**Your objective**
Within the entries below, output exactly the lines between the line containing "Orange Crush Bass" and the line containing "Jual Industrial Universal", inclusive, and omit any picture.

**Records for this task**
★ ★ ★ ★

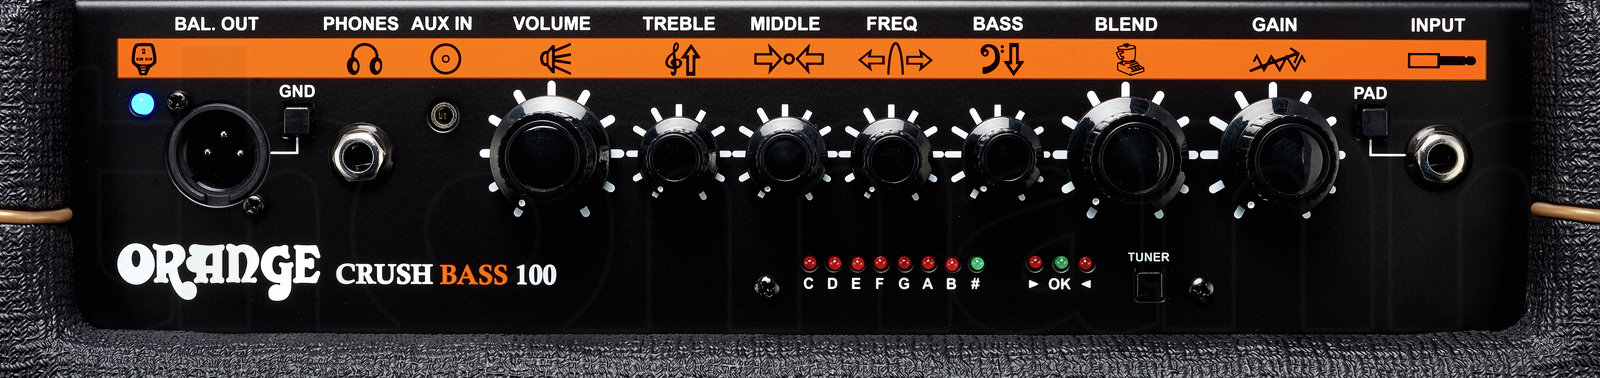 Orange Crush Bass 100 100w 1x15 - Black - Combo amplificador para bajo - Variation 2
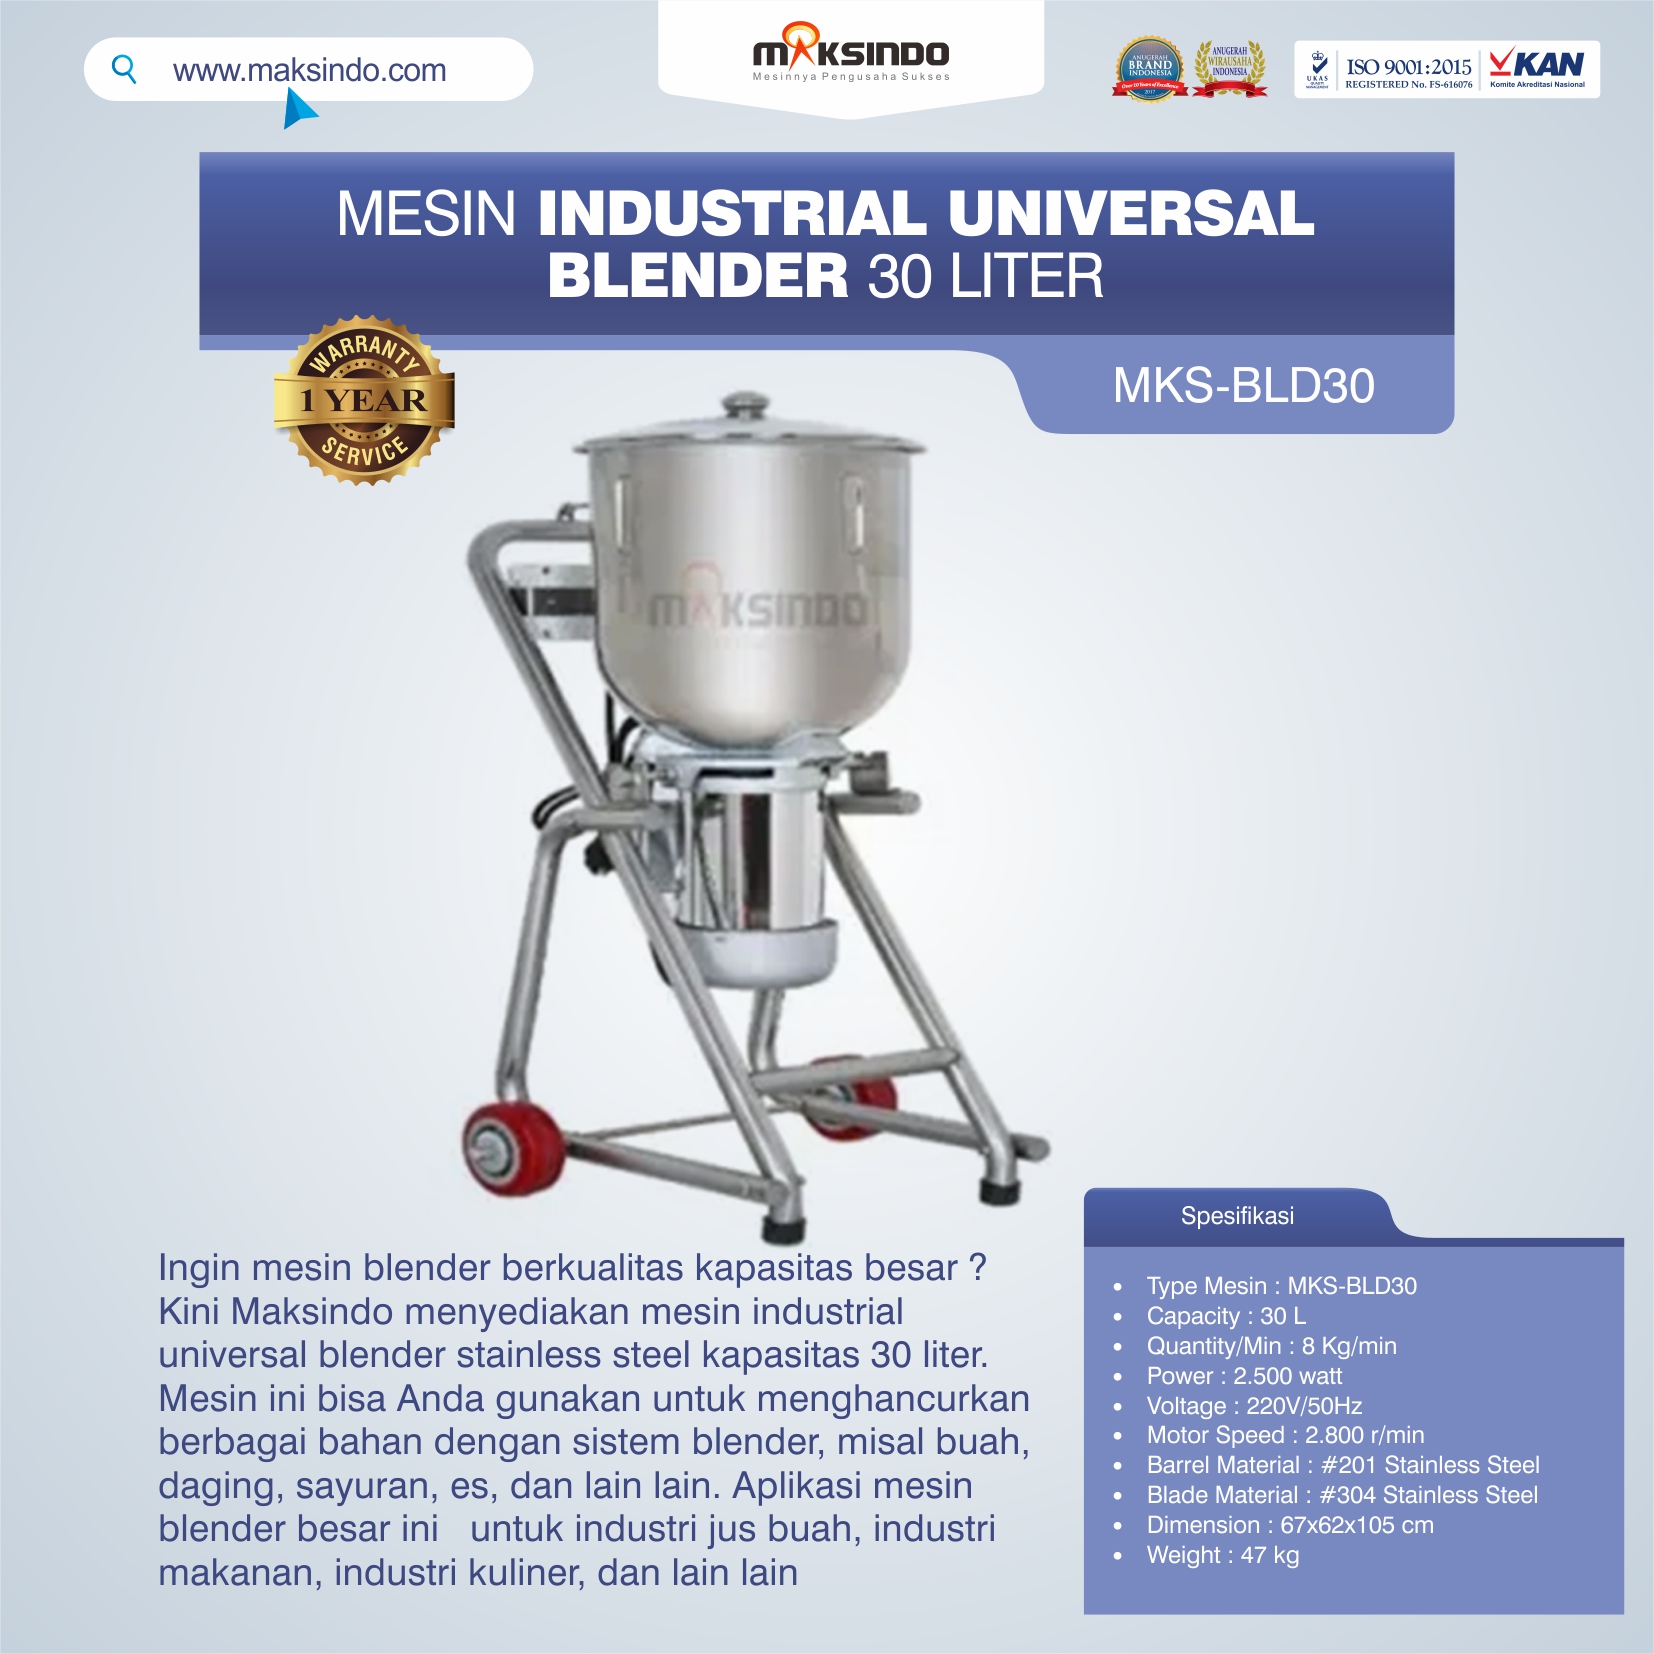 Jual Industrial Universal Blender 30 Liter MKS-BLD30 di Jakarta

★ ★ ★ ★

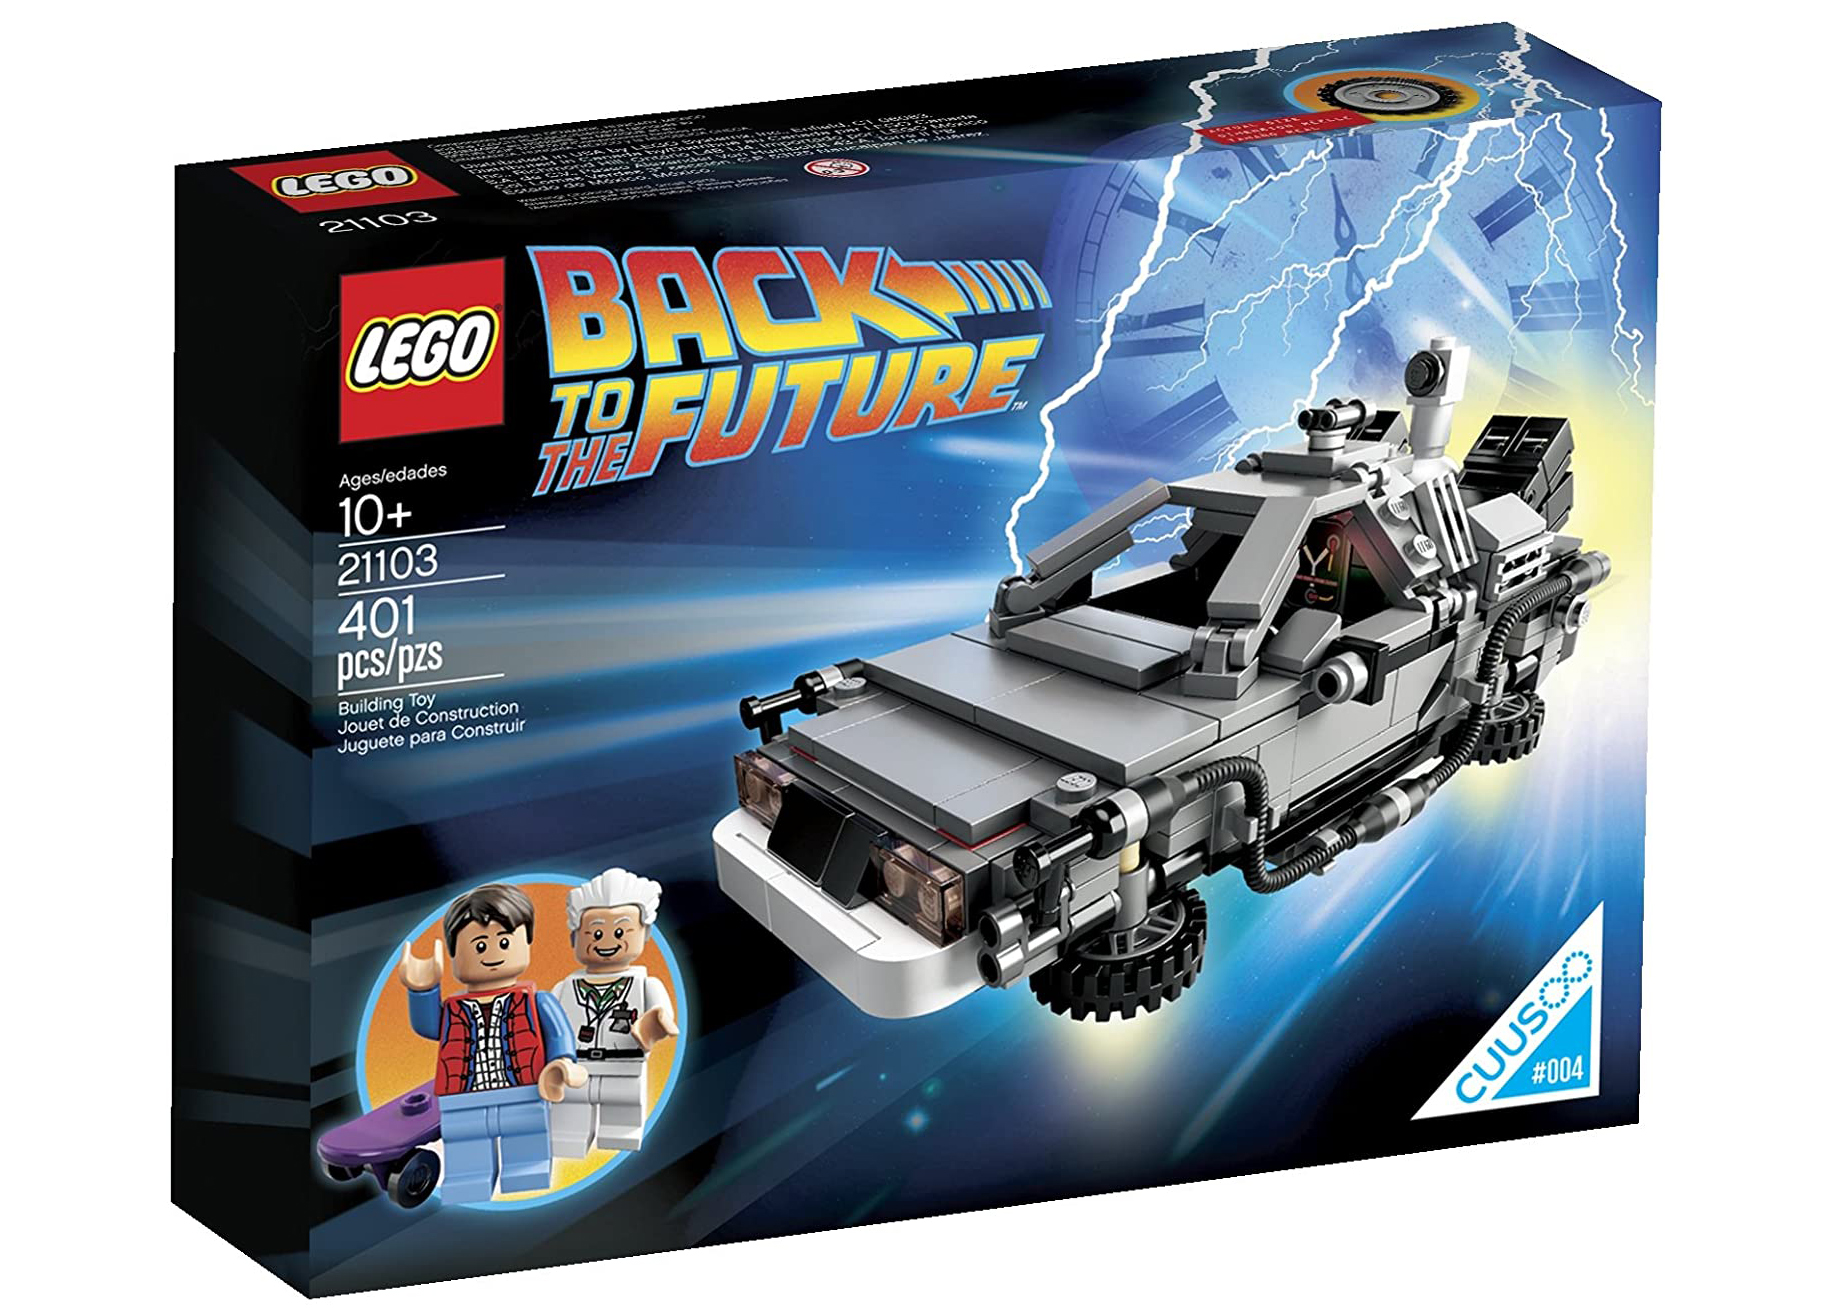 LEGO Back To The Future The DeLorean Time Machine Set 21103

★ ★ ★ ★

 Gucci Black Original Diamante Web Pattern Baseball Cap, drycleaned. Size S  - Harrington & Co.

★ ★ ★ ★

**Solved exercise**
 Orange Crush Bass 100 100w 1x15 - Black - Combo amplificador para bajo - Variation 2
 Jual Industrial Universal Blender 30 Liter MKS-BLD30 di Jakarta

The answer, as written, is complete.